According to this invention, the transmitting side transmits a part of the signal in the silent section, and the receiving side stores this signal as a sample in the silent storage section, and in the silent section, the sample stored in the silent section is stored as a sample. Repeat DAC until tone interval block is received
Since the silent section is played back by converting it into an analog signal sent to the receiver, the level of the background noise included in the active section and the level of the signal inserted into the silent section on the receiving side do not differ greatly, and the signal can be reproduced naturally. It has the advantage of being able to realize flexible voice communication.

[Brief explanation of the drawing]

FIG. 1 is a block diagram showing the transmitting side of an embodiment of the present invention, FIG. 2 is a block diagram showing the receiving side, and FIG. 3 is an explanation showing an example of the structure of a packet sent from the transmitting side to the transmission path. Figure.
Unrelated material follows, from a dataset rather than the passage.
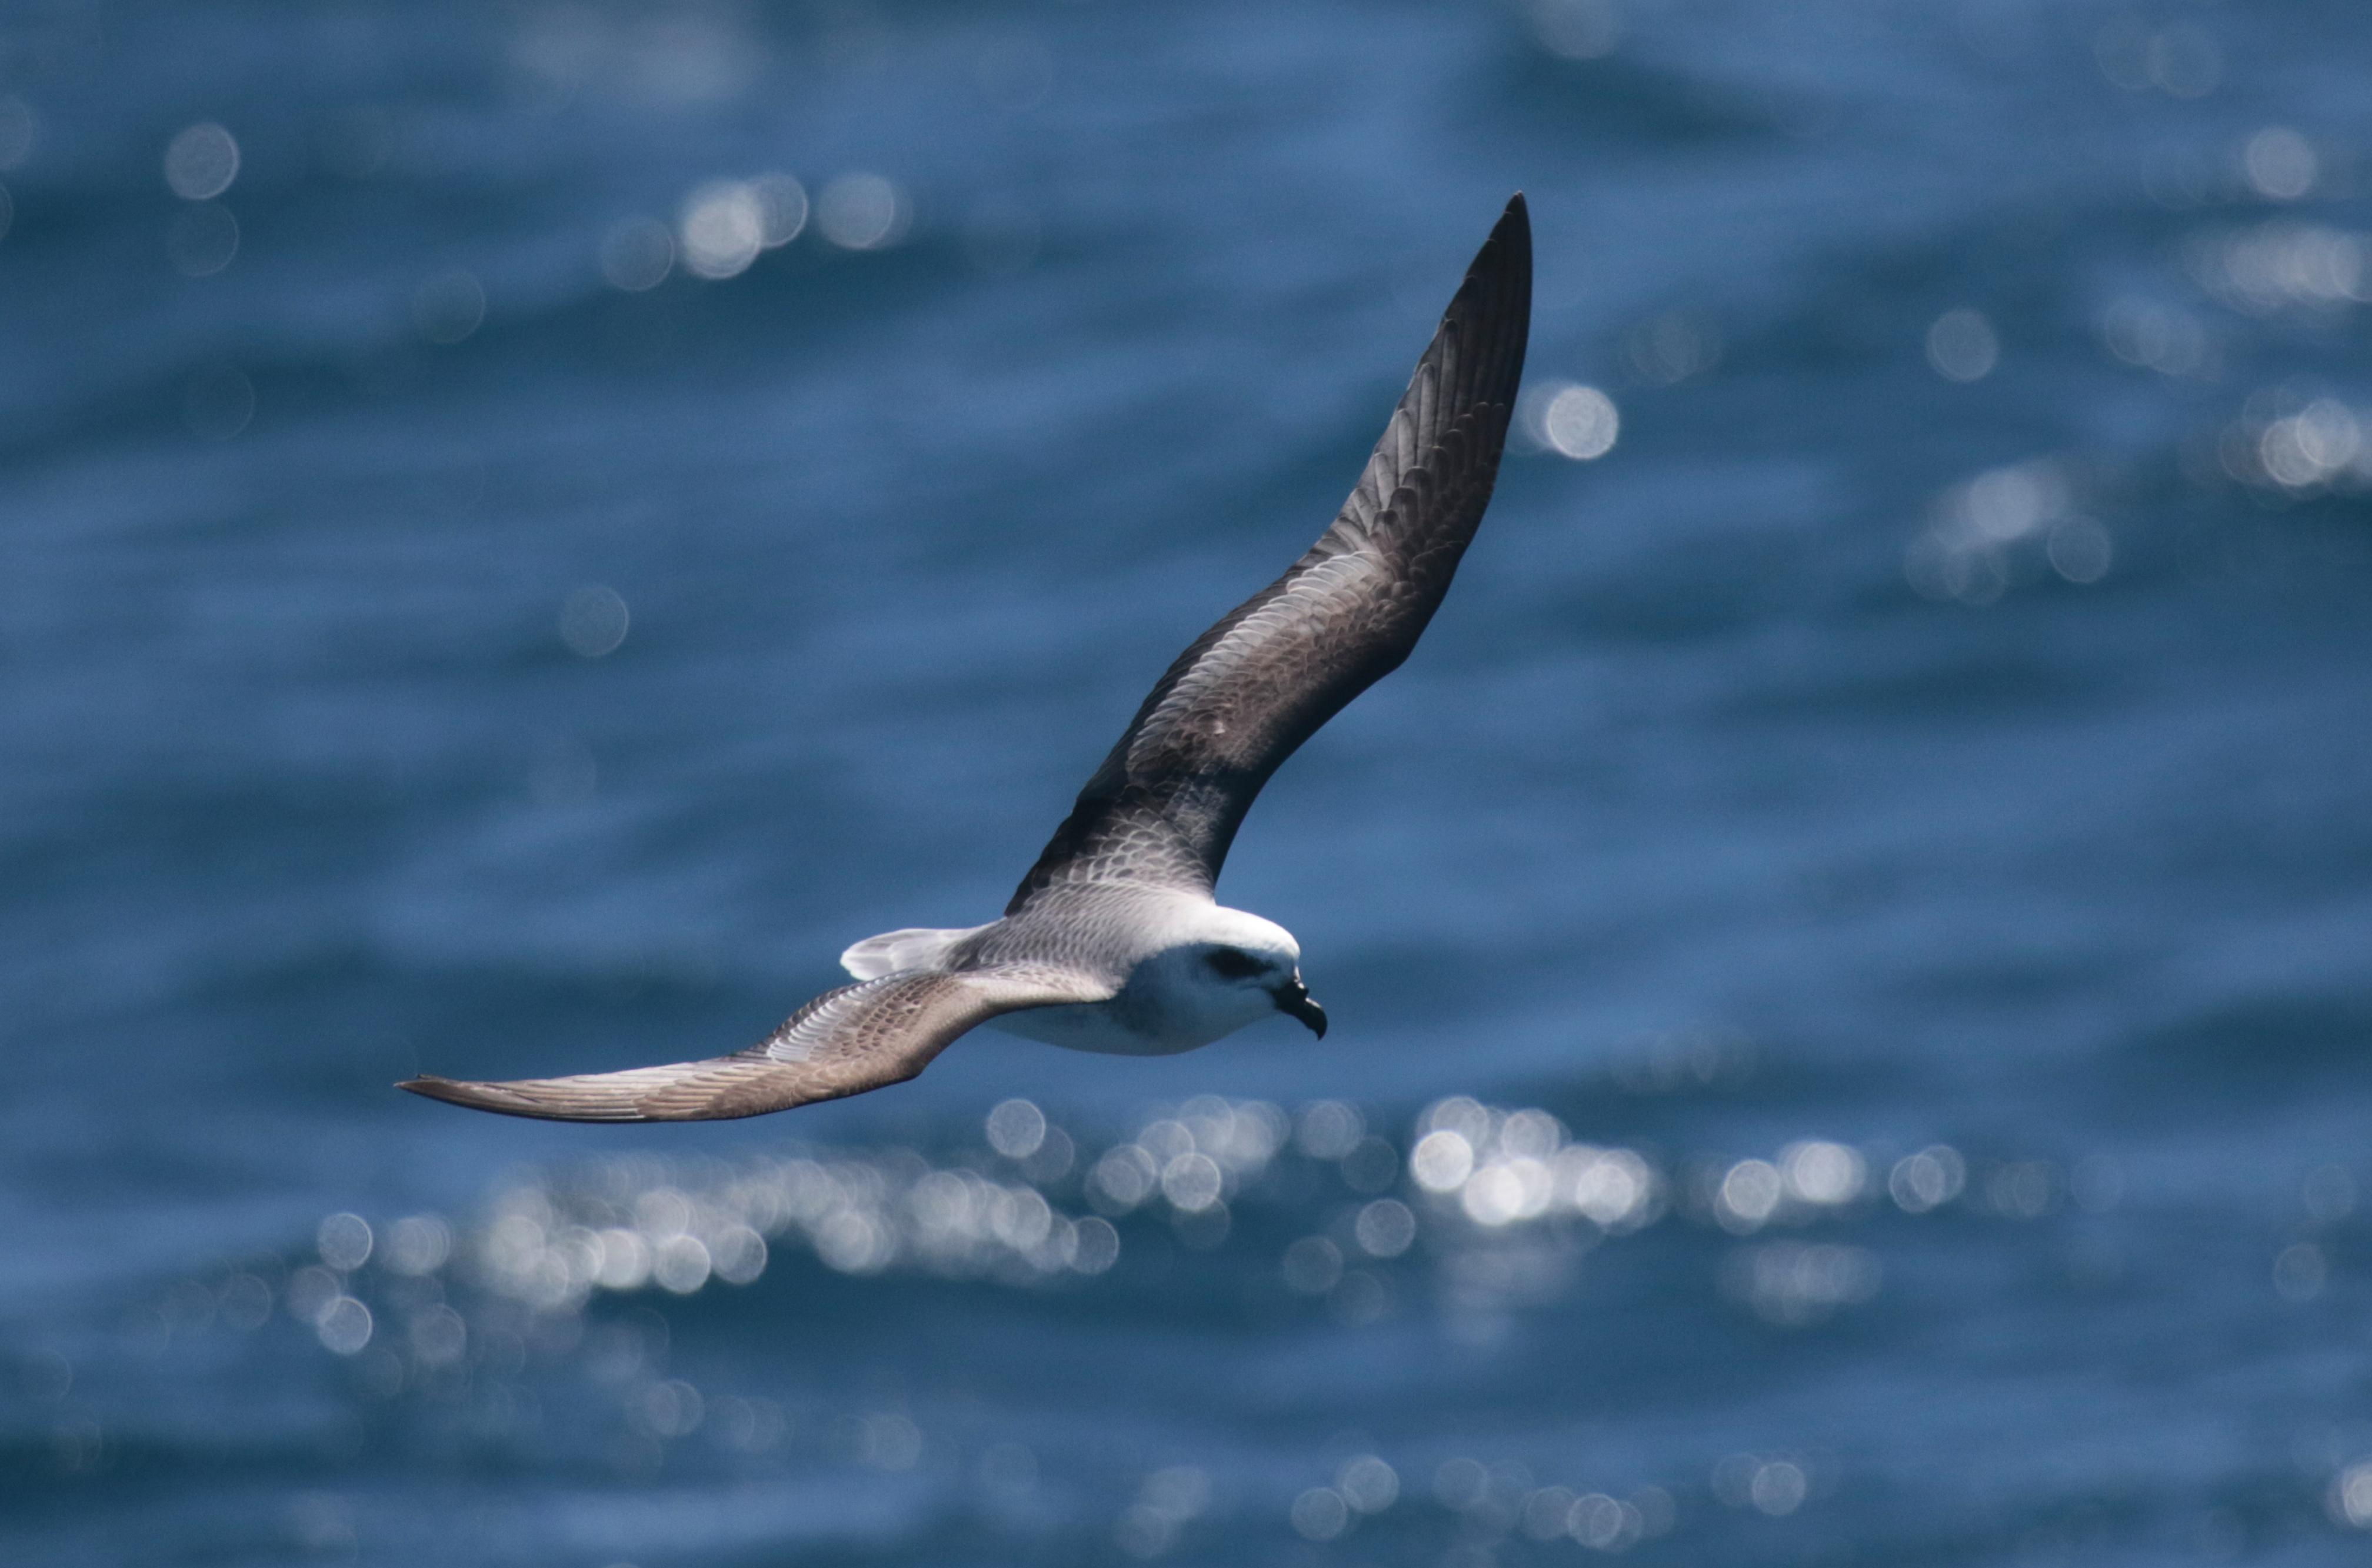 Birdswing ~ Port Fairy Pelagic Tour Reports

Explanation of symbols 1: Analog input terminal, 2: Low-pass filter section, 3: ADC (analog-digital conversion) section,
4...Audio detection unit, 5...Packet assembly unit, 6...
- Transmission transmission line, 7... Reception transmission line, 8... Packet disassembly unit, 9... Silence storage unit (memory), 10...
- Delay fluctuation compensation section, 11... switching section, 12... D
AC (digital/analog conversion) section, 13...Low pass filter section, 14...Analog signal output terminal No.
3 Illustration agent Patent attorney Akio Namiki

Claims (1)

[Claims] 1) The transmitting side digitizes the analog audio signal, packetizes the digitized sample string with a sound section, and sends the packet to the transmission path, and the receiving side converts the sample string of the received sound section packet into a packet. In a voice communication system that performs communication by converting the audio signal back into an analog audio signal, the transmitting side also packetizes a part of the silent section that precedes or follows the sound section and sends it to the transmission path, and the receiving side , after receiving this, the silent section reproduction method for voice packet communication is characterized in that the packets are decomposed and stored in a memory, and the stored data is used to reproduce the required silent section.